In general, the infringement of a registered trademark is prohibited under 15 U.S.C § 1114, whereas, the infringement of an unregistered or common law trademark and other acts of unfair competition are prohibited by 15 U.S.C § 1125(a). Both statutes effectively require the same finding of confusing similarity between a plaintiff’s mark and whatever the defendant is using to establish liability.
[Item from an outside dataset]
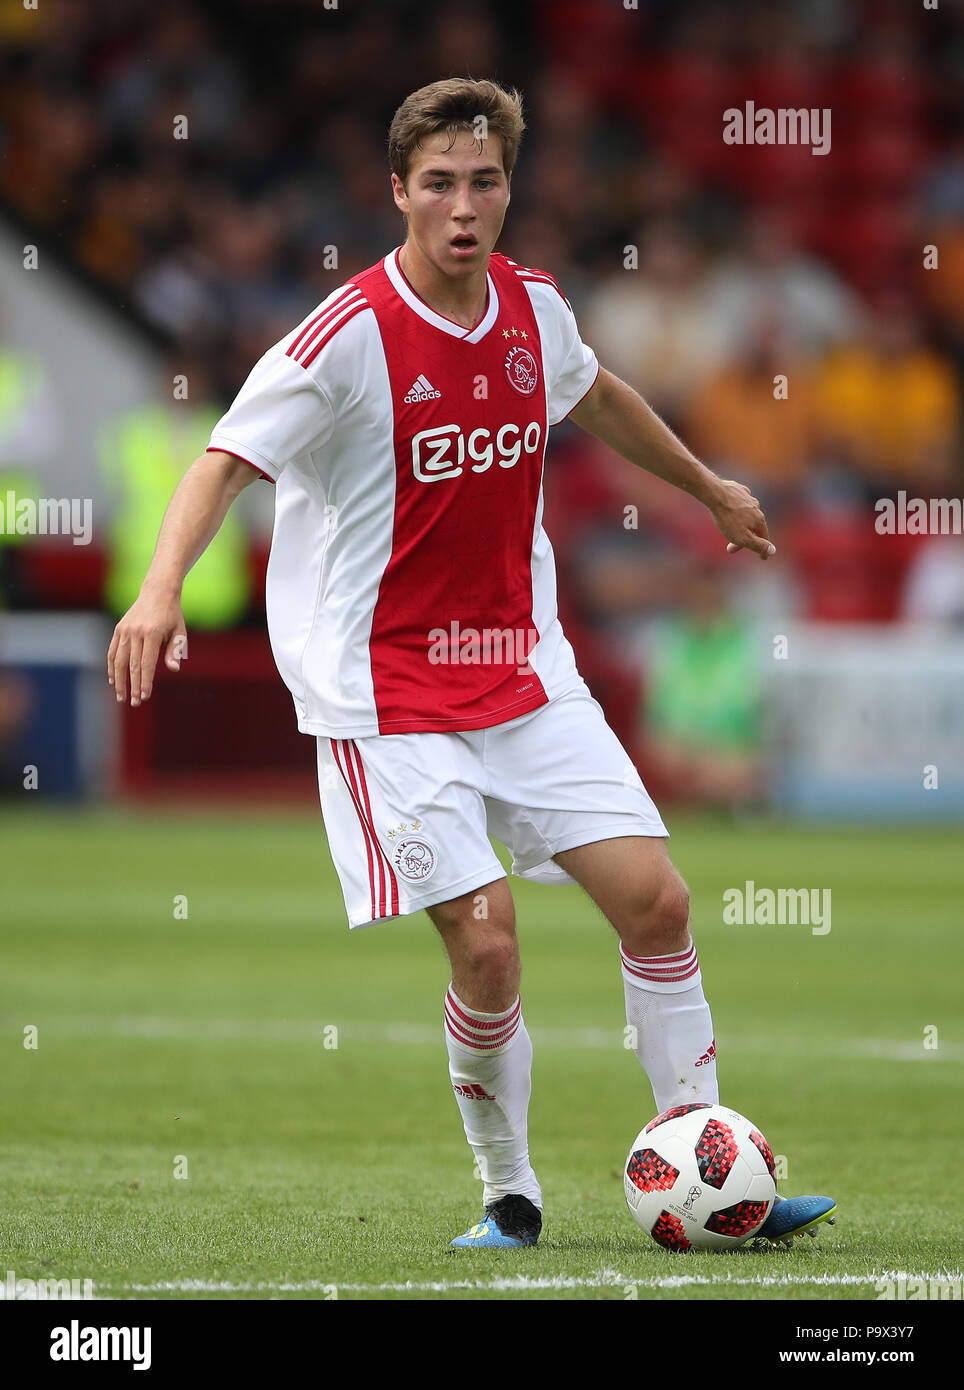 Ajax's Carel Eiting during a pre season friendly match at the Banks's Stadium, Walsall. PRESS ASSOCIATION Photo. Picture date: Thursday July 19, 2018. Photo credit should read: Nick Potts/PA Wire. EDITORIAL USE ONLY No use with unauthorised audio, video, data, fixture lists, club/league logos or 'live' services. Online in-match use limited to 75 images, no video emulation. No use in betting, games or single club/league/player publications. Stock Photo

Plaintiffs with trademark registrations may bring actions under both statutes, as they are not mutually exclusive, but often do not favoring 15 U.S.C § 1114 because of the additional remedies that may be available, namely, the attorney’s fees and potential for treble damages in exceptional cases. For some time, certain District and Circuit Courts have required a finding of willfulness before awarding defendant’s profits.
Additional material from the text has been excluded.